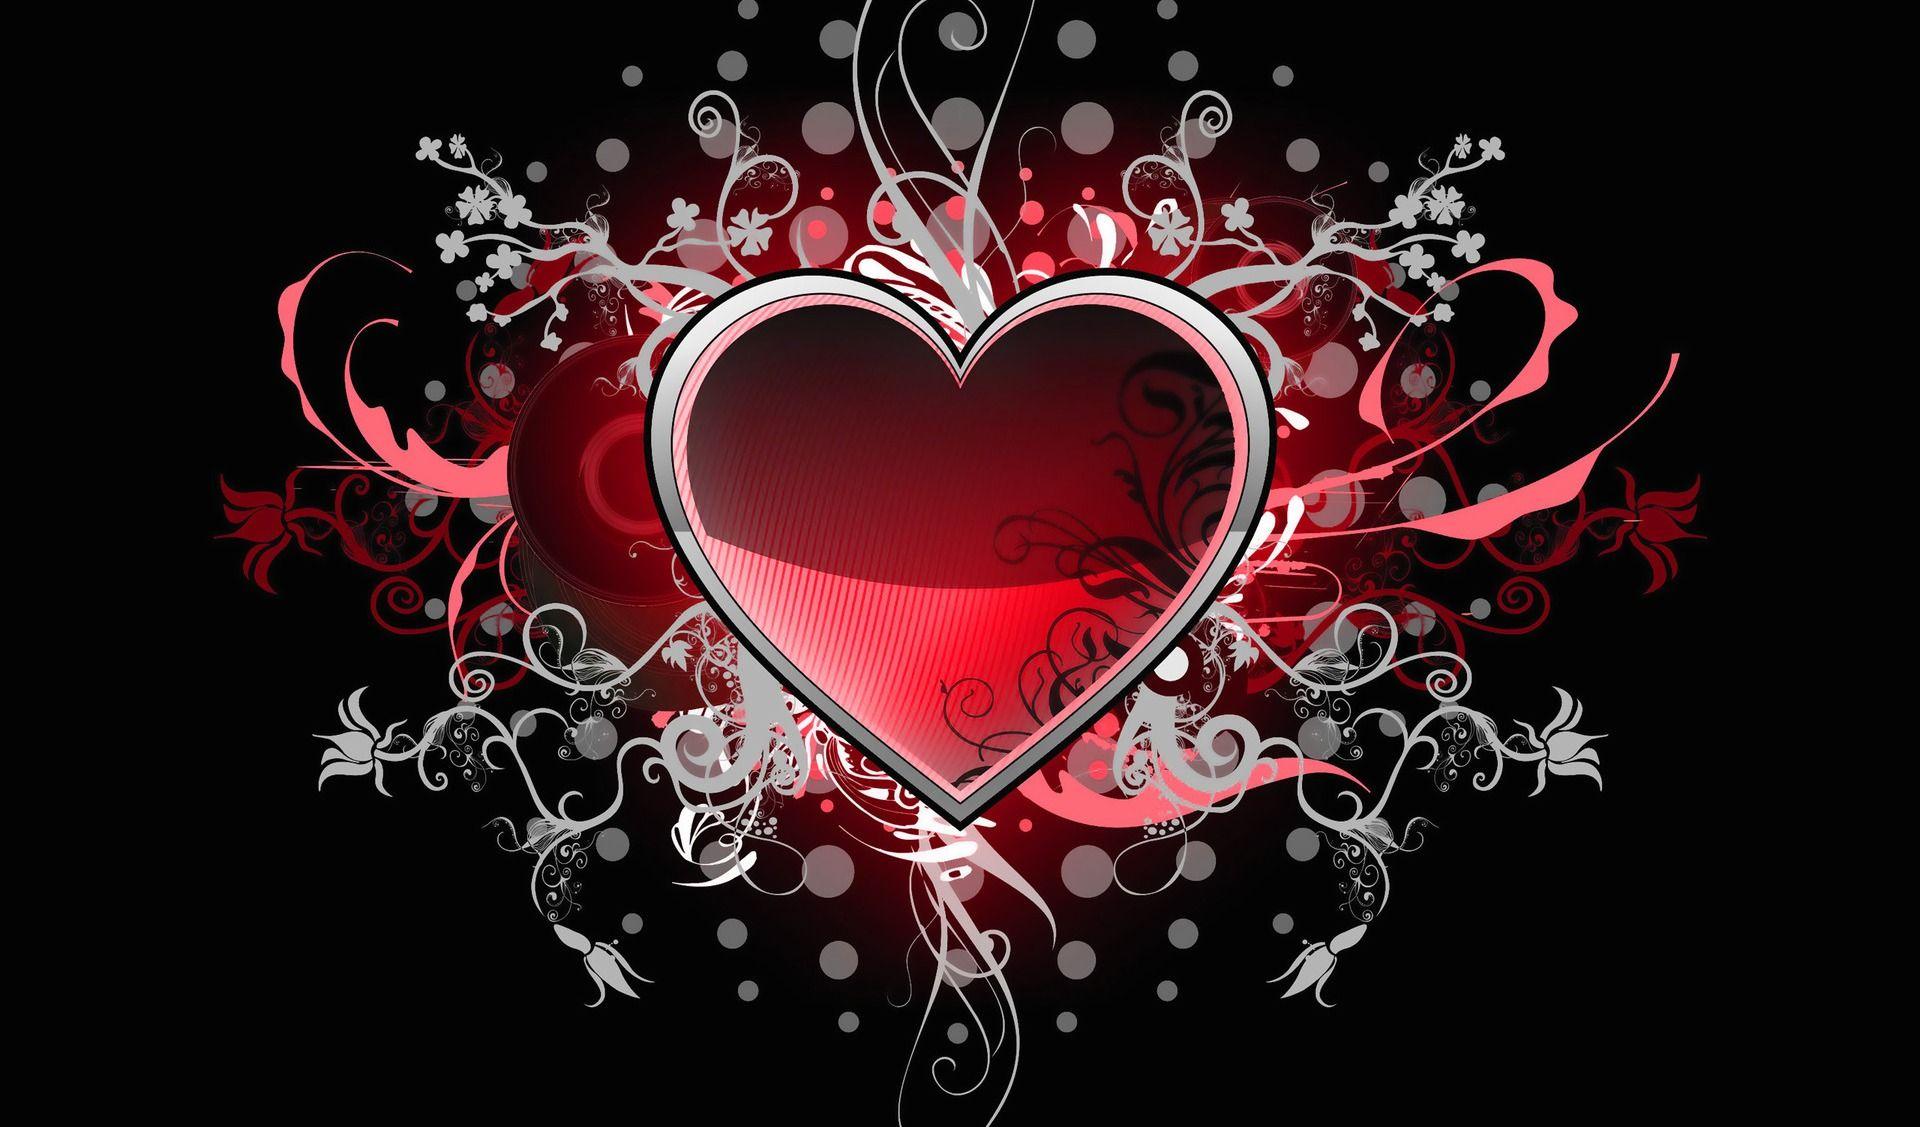 Valentines Desktop Wallpaper Images  Free Download on Freepik
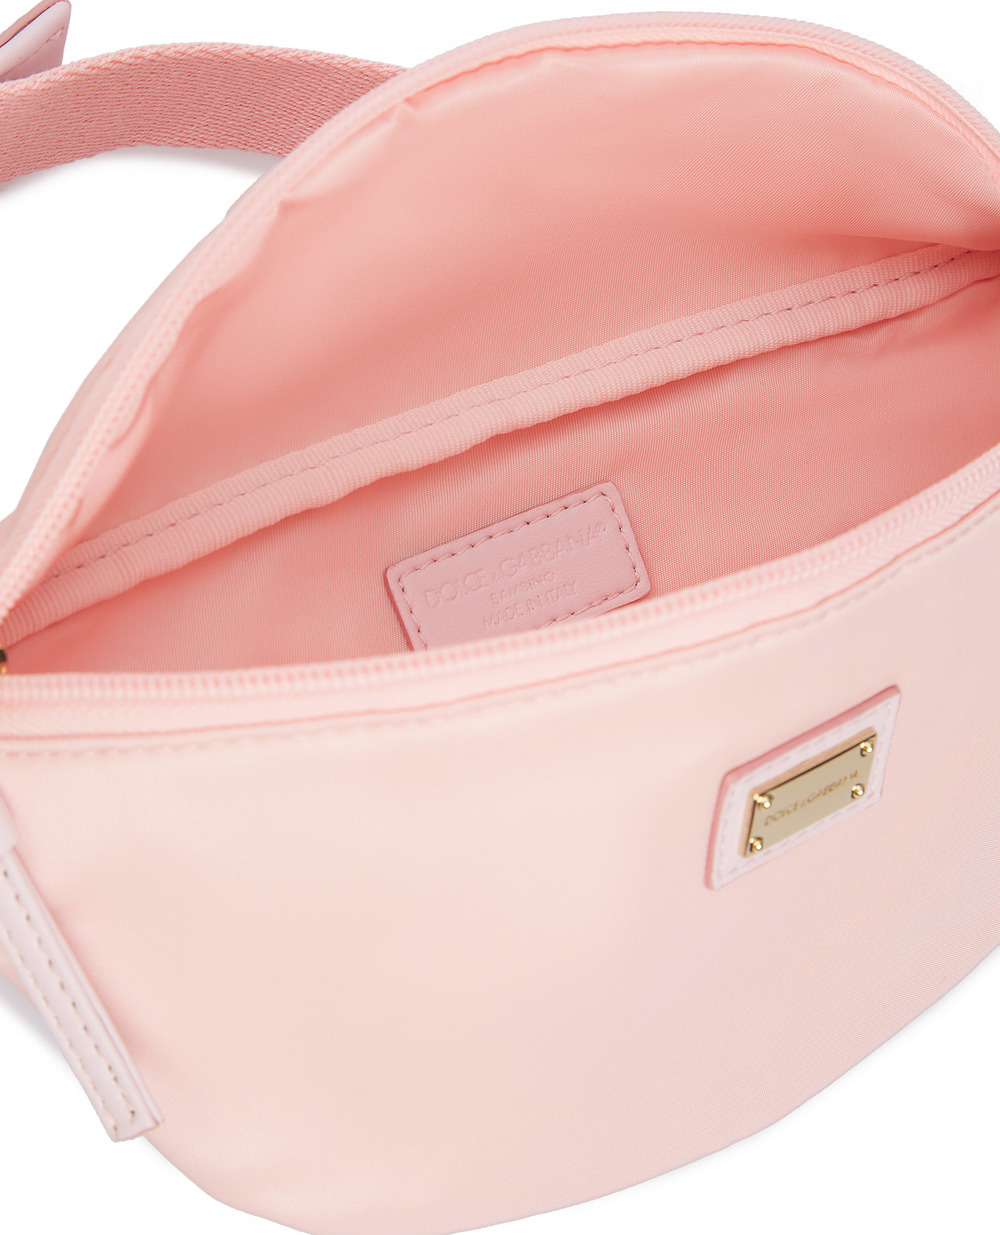 Поясная сумка Dolce&Gabbana EB0208-A9416, розовый цвет • Купить в интернет-магазине Kameron
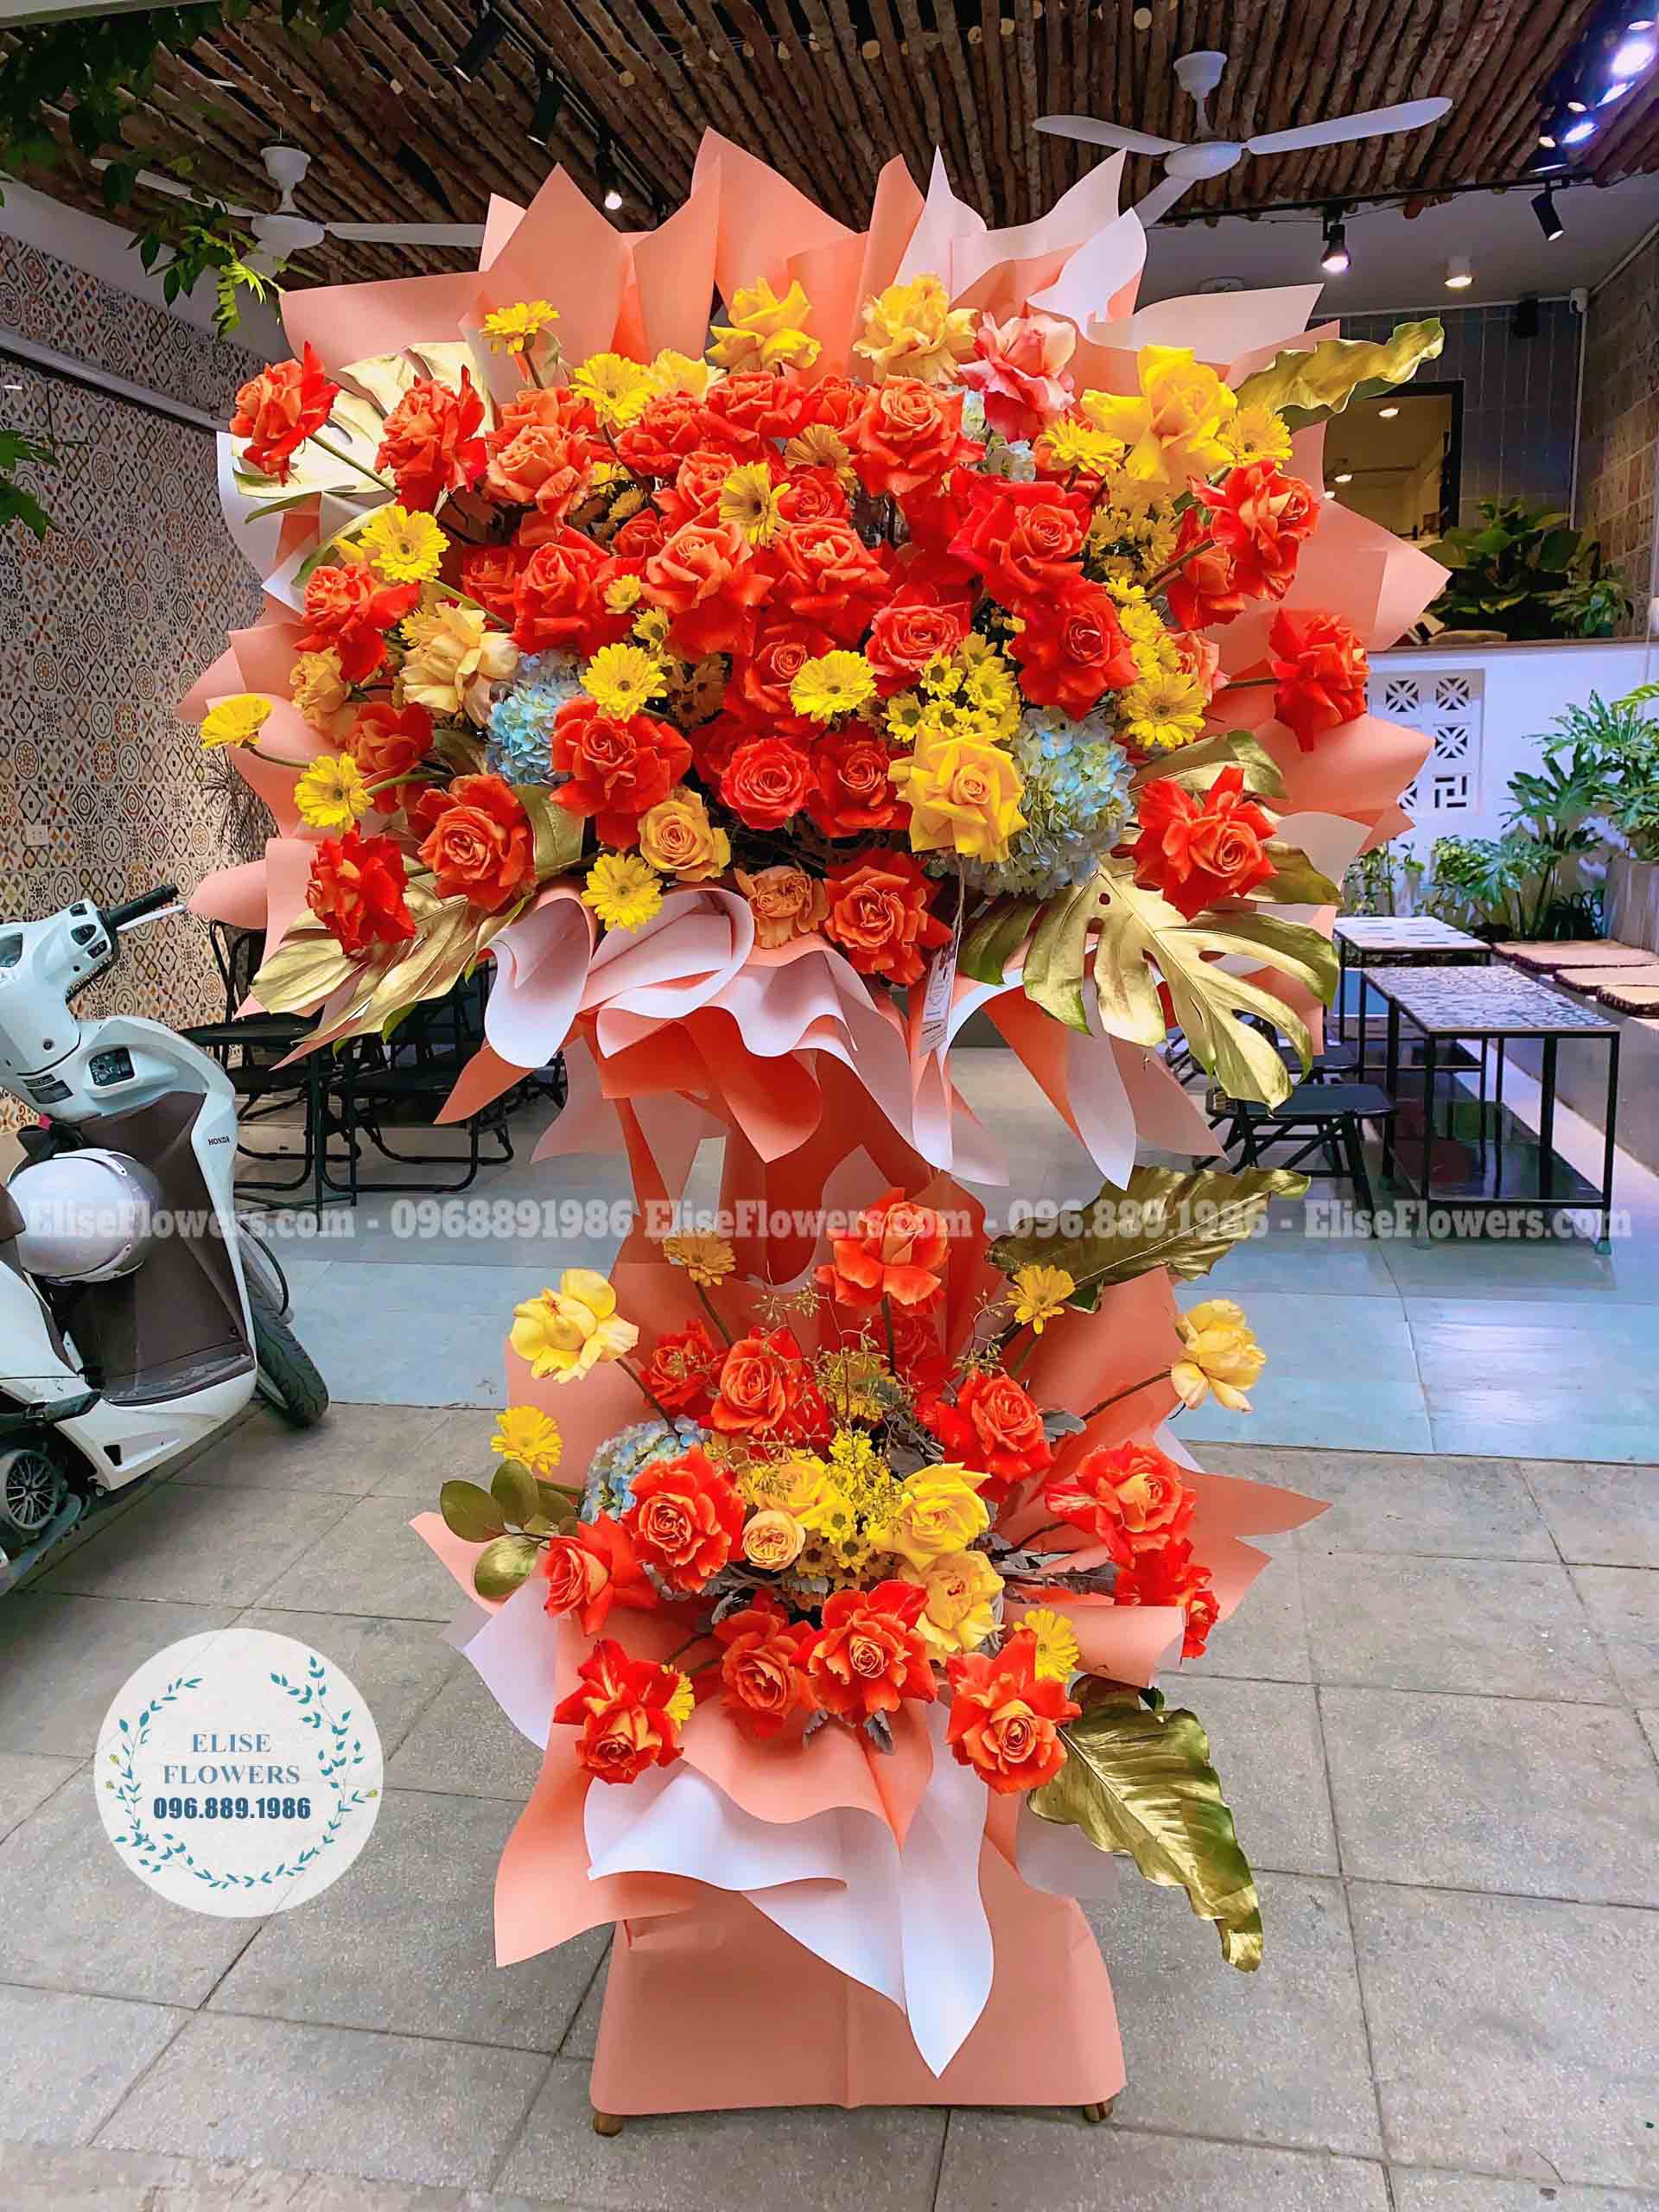 Kệ hoa 2 tầng màu cam sang trọng chúc mừng hội nghị, hội thảo | Dịch vụ điện hoa online - Giao hoa tận nơi tại quận Đống Đa - Hà Nội
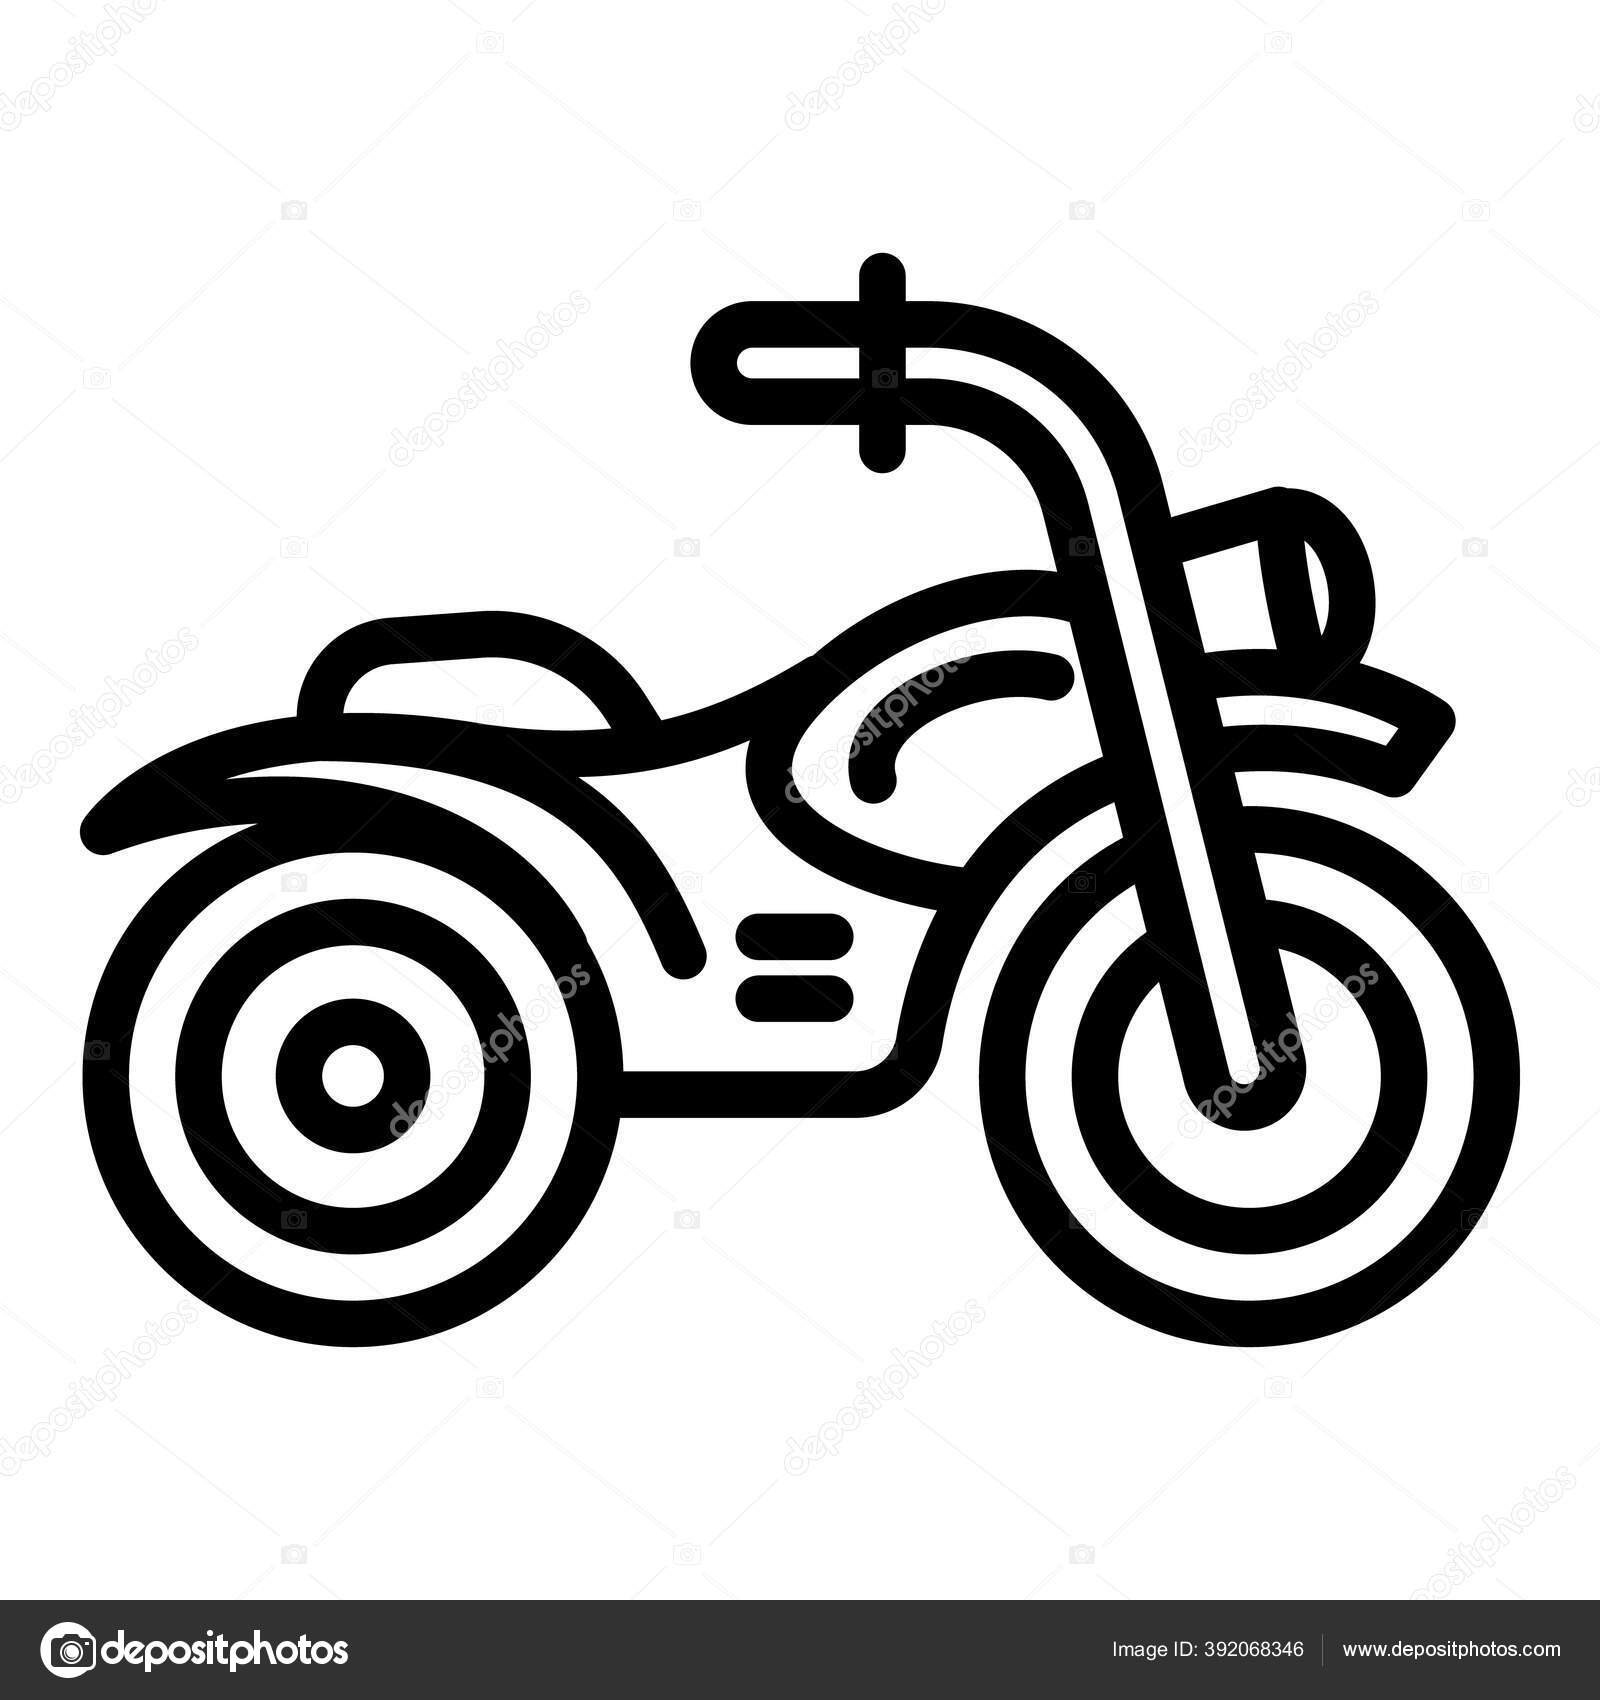 motocross linha arte, motociclista esboço desenho, moto simples

##########

- [Directions for this task] Except for the pictures, write the data out exactly.

- [Response box]
 Valentines Desktop Wallpaper Images  Free Download on Freepik
 Поясная сумка Dolce&Gabbana EB0208-A9416, розовый цвет • Купить в интернет-магазине Kameron
 Kệ hoa 2 tầng màu cam sang trọng chúc mừng hội nghị, hội thảo | Dịch vụ điện hoa online - Giao hoa tận nơi tại quận Đống Đa - Hà Nội
 motocross linha arte, motociclista esboço desenho, moto simples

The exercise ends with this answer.